Креймор - читать онлайн бесплатно полную версию книги . Страница 10

26

— Итак, жил да был на свете монах по имени Доменик Лемменс. Не смотря на его физические изъяны, были у него и пища, и крыша над головой, и даже ответственное дело, доверенное ему не смотря на его недуг, — господин Харди правил бал над собранием, медленно обходя небольшую залу, словно коршун, кружащий над добычей. Остальные собравшиеся старались держаться у стен, будто бы подальше от хищного взгляда строгого и справедливого обвинителя. — Но никто даже в самом страшном сне подумать не мог, какая чёрная тьма на самом деле скрывается за внешней невинностью, — он остановился и многозначительно переглянулся с собственным секретарём, строчившим протокол. — Колдовство. Демонопоклонничество. Ритуальные убийства. И это — старший сын действующего епископа. Под удар поставлен был не только мой город, который я клялся оберегать, но и авторитет всего духовенства. Как простой люд может рассчитывать на нас, если такая гниль пустила корни в самом сердце храма?

Его Преосвященство поджал губы и смолчал.

Помещение в котором мы находились было неожиданно просторным для подвала, но людей сюда набилось столько, что дышать было почти невозможно. Хотя может так себя чувствовал только я, изрядно помятый и потерявший немного крови. Слабость и головокружение после таких приключений были в порядке вещей. Благо Роланд сразу по прибытию послал за штатным целителем и распорядился принести мне воды.

Теперь я просто сидел в углу и приходил в себя. Всё осталось позади: дорога к храму, сборы, крики, ругань, гнев, отрицание, даже эта мучительно подробная исповедь, о которой Харди просил меня ещё по пути сюда. Я выложил всё, умолчав разве что об отданном мне зелье, бесценным грузом покоящимся в поясной сумке. Вряд ли столь дорогую вещь мне просто возьмут и отдадут за заслуги перед городом и страной.

Ровно как и вряд ли я выйду отсюда живым, если Доминик упомянет кто я на самом деле.

Закованный в серебряные цепи монах неподвижно стоял на коленях посреди комнаты, прямо в центре начертанного на полу круга. С того самого мига, когда тварь из Бездны покинула тело Мелиссы Йонге, он больше не пытался сопротивляться и ничего не говорил.

Сама Мелисса очнулась, но себя так и не пришла. Она тихо-тихо причитала “это не я, не я! Меня нет!
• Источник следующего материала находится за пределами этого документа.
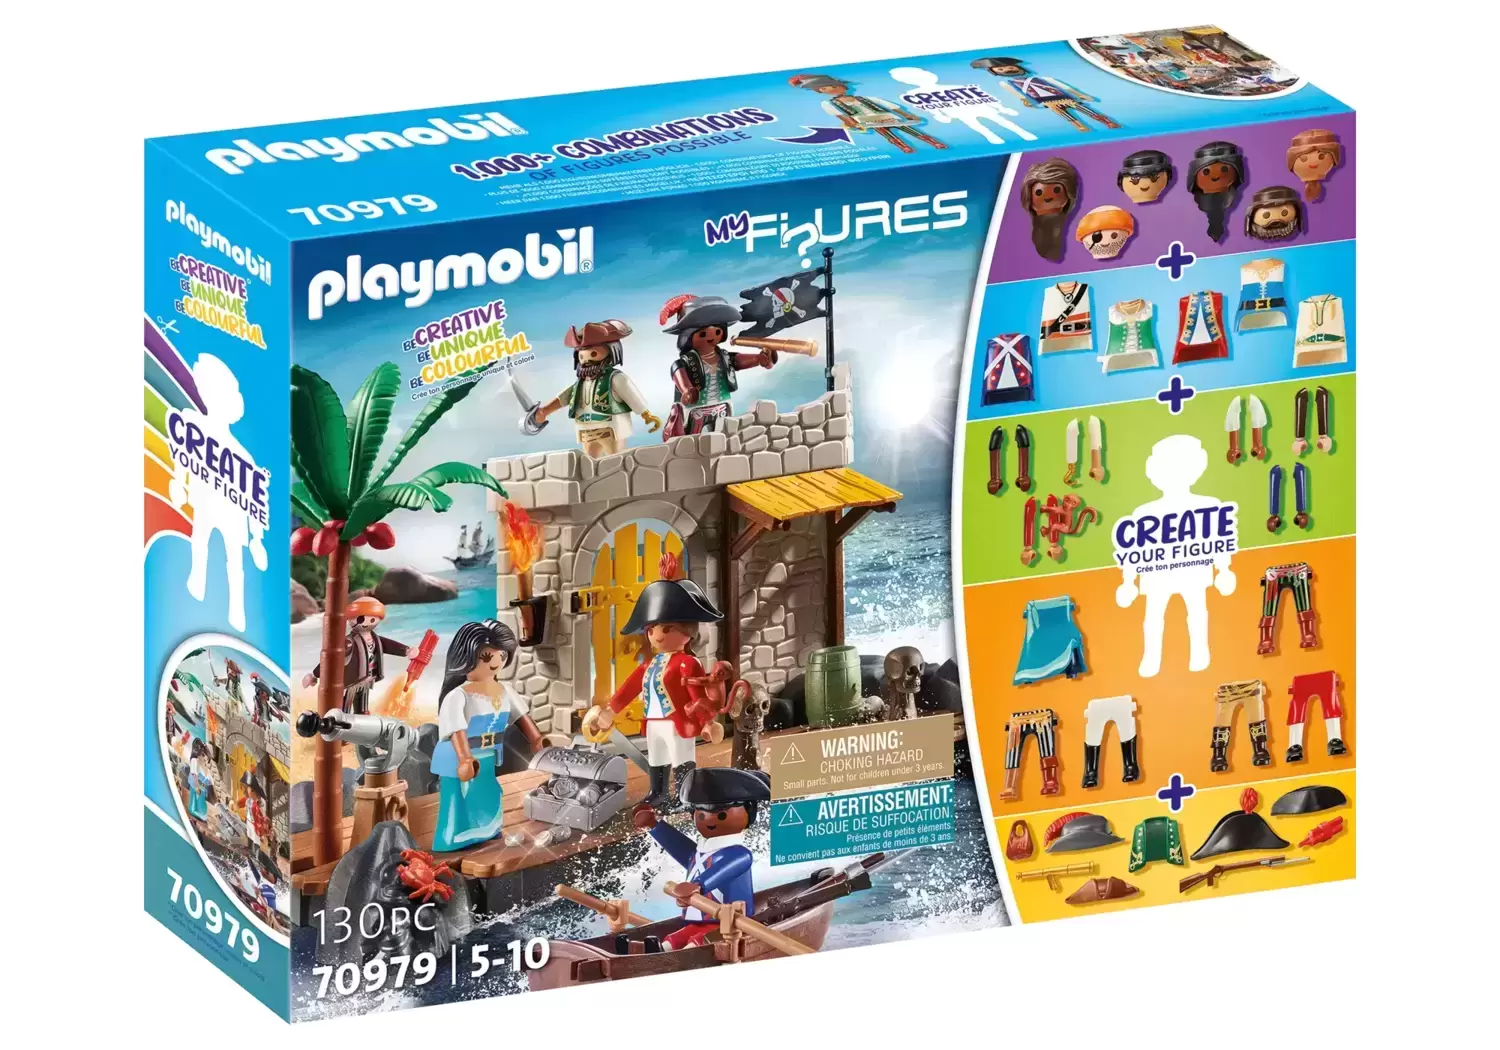 Unclassified Playmobil - My Figures: Island of the Pirates

Меня больше не существует!…” и монотонно раскачивалась из стороны в сторону, всеми оставленная и забытая. С уходом демона наваждение развеялось и девушка была теперь просто девушкой: уставший бледной тенью, ни капли не похожей на Бригитту ни внешне, ни поводками. Я испытывал ужас от осознания того, через что ей пришлось пройти; облегчение от её освобождения; беспокойство за её дальнейшую судьбу. Я чувствовал всё что угодно, кроме былого противоестественного притяжения, и был рад этому. Всё наконец встало на свои места.

Помимо нас на этот негласный суд собрался весь цвет местной инквизиции, а так же брат Зигфрид, библиотекарь Матеас и Его Преосвященство с младшим сыном. Позвали и мэтра Янсенса, одновременно как друга семьи Лемменс и моего работодателя, властного подтвердить или же опровергнуть подлинность моих слов. Посылали даже за господином Йонге, но последний так и не явился. Отправленный за ним служка вернулся один и о чём-то тихо отчитался Роланду. И всё.
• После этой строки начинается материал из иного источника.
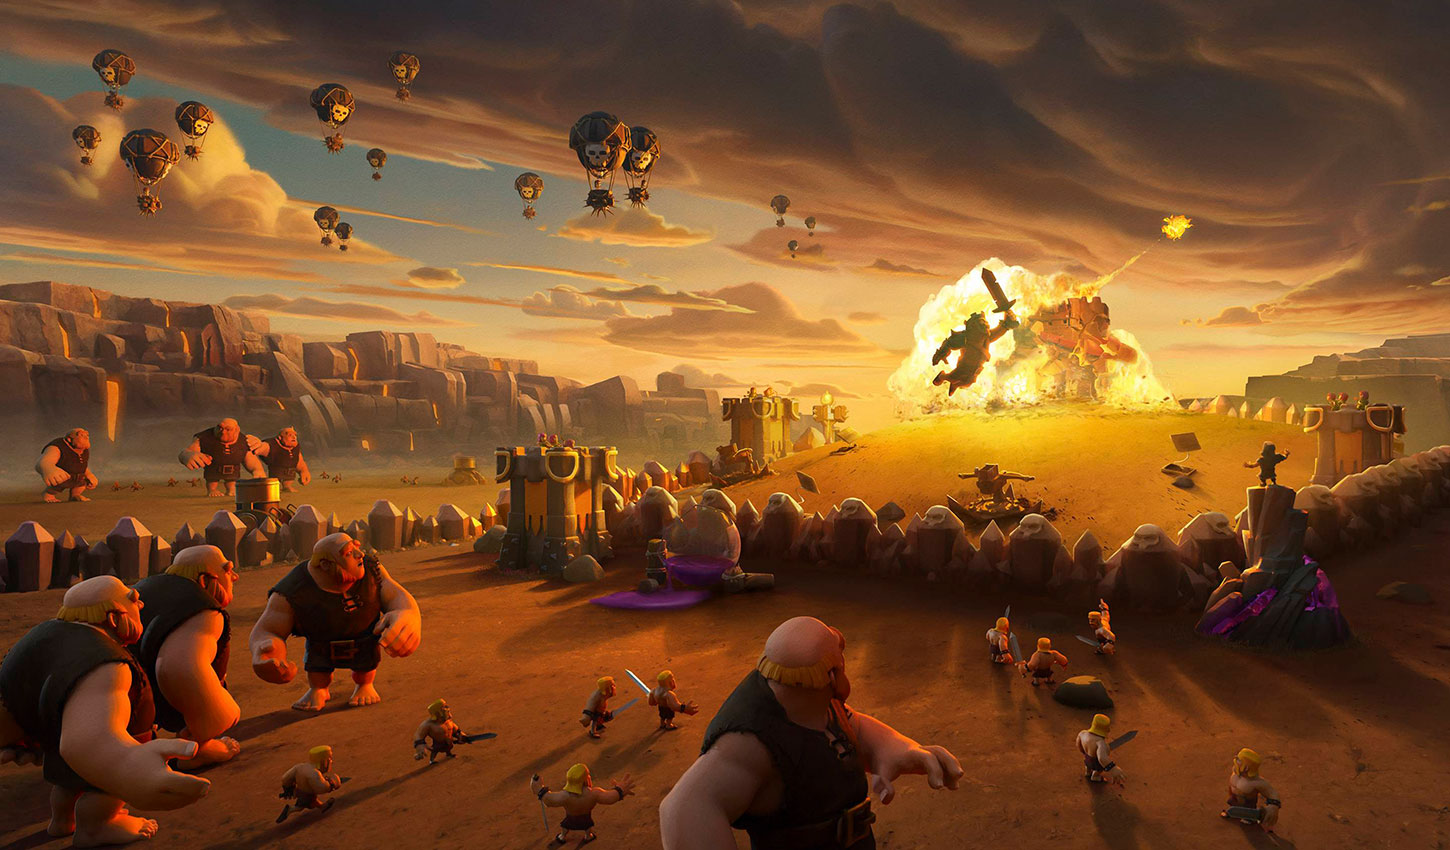 Clash of Clans Grossed $727 Million in Revenue in 2019, a 27% Increase Over 2018

— Я всё равно не могу в это поверить, — подал голос тот самый паладин, родной брат обвиняемого, Александр. — Доминик, почему ты молчишь? Скажи уже хоть что-нибудь!

Доминик не шелохнулся, все так же бессмысленно глядя в одну-единственную точку на полу.
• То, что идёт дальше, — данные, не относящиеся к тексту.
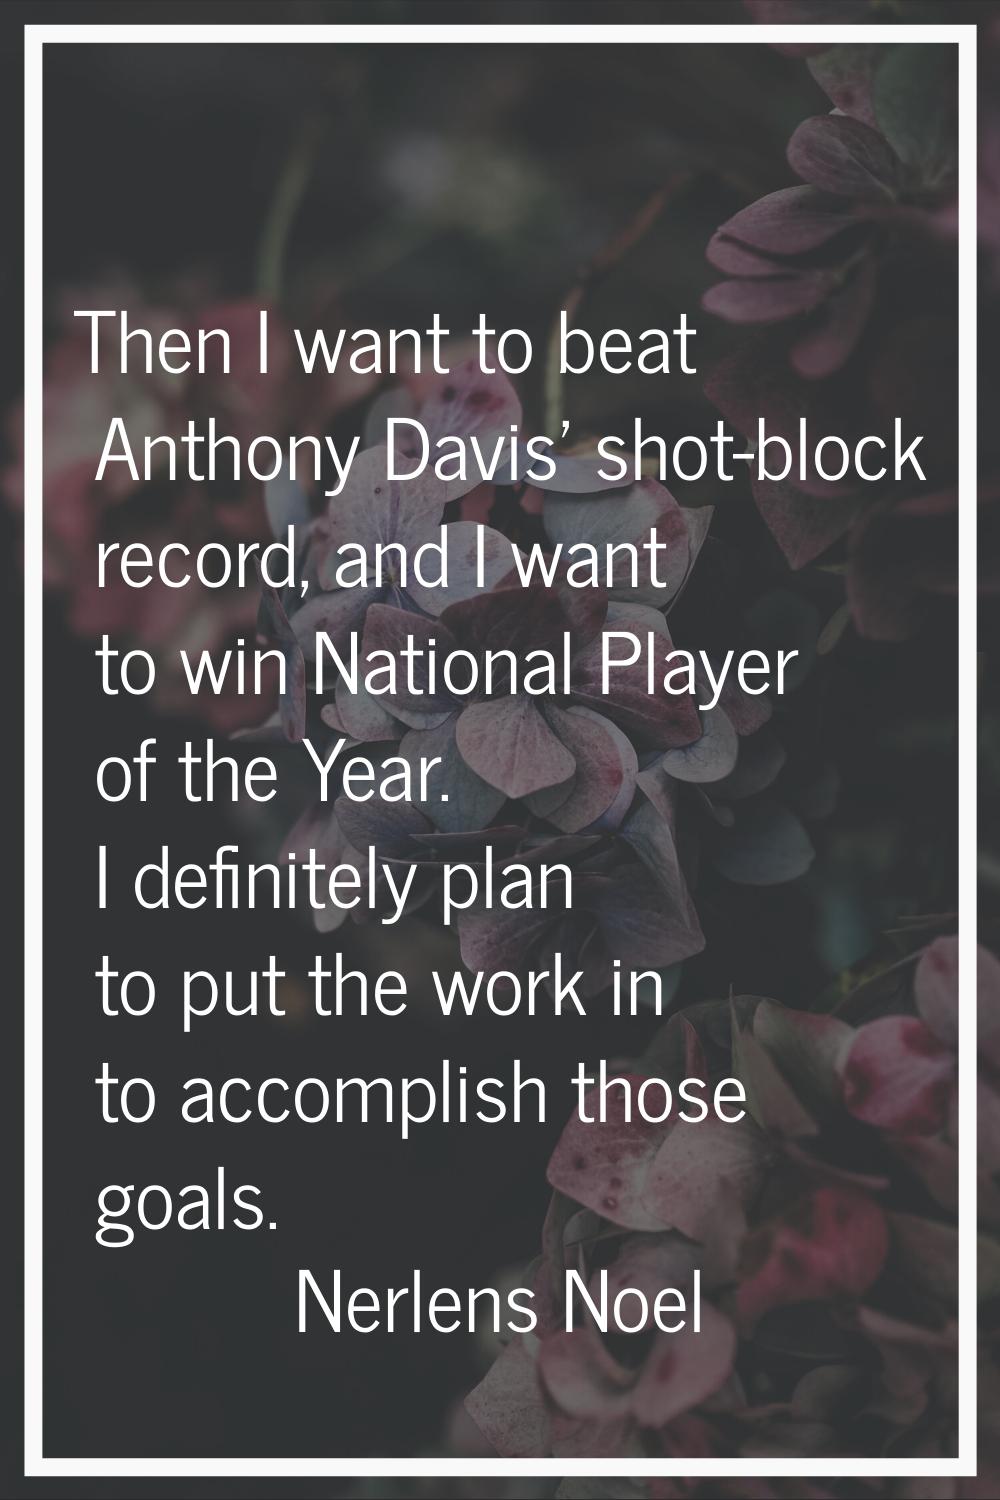 Then I want to beat Anthony Davis' shot-block record, and I want to win National Player of the Year

— Нонсенс! — произнёс епископ, тщетно стараясь уничтожить Роланда взглядом. — Это всё какая-то чушь, фальш, плохо поставленный спектакль. Кто поверит в этот вздор? И кто вообще этот одноглазый плебей?

— Мой ученик, — ответил мэтр. — И я должен отметить, что он до сих пор показывал себя человеком надежным и честным, несмотря на некоторую импульсивность и талант к наживанию проблем. И он действительно несколько дней назад спрашивал меня о падучей болезней: что она такое, что я о ней думаю и чем можно помочь.

— Это ничего не доказывает! — не отступал первосвященник. — Харди, это немыслимо! Это самая грязная попытка сместить меня с должности, какую только можно было себе представить! И уж от кого — кого, а от вас я такого не ожидал! Вы же человек чести, всегда им были! Скажите, что вам обещали взамен на это? Золото? Повышение по службе? Что?

Я стиснул зубы, чтобы не сказать ненароком вслух то, что следовало бы. Почуявшая неладное Рэни ткнулась головой мне в локоть и коротко скульнула, призывая успокоиться и лучше погладить её.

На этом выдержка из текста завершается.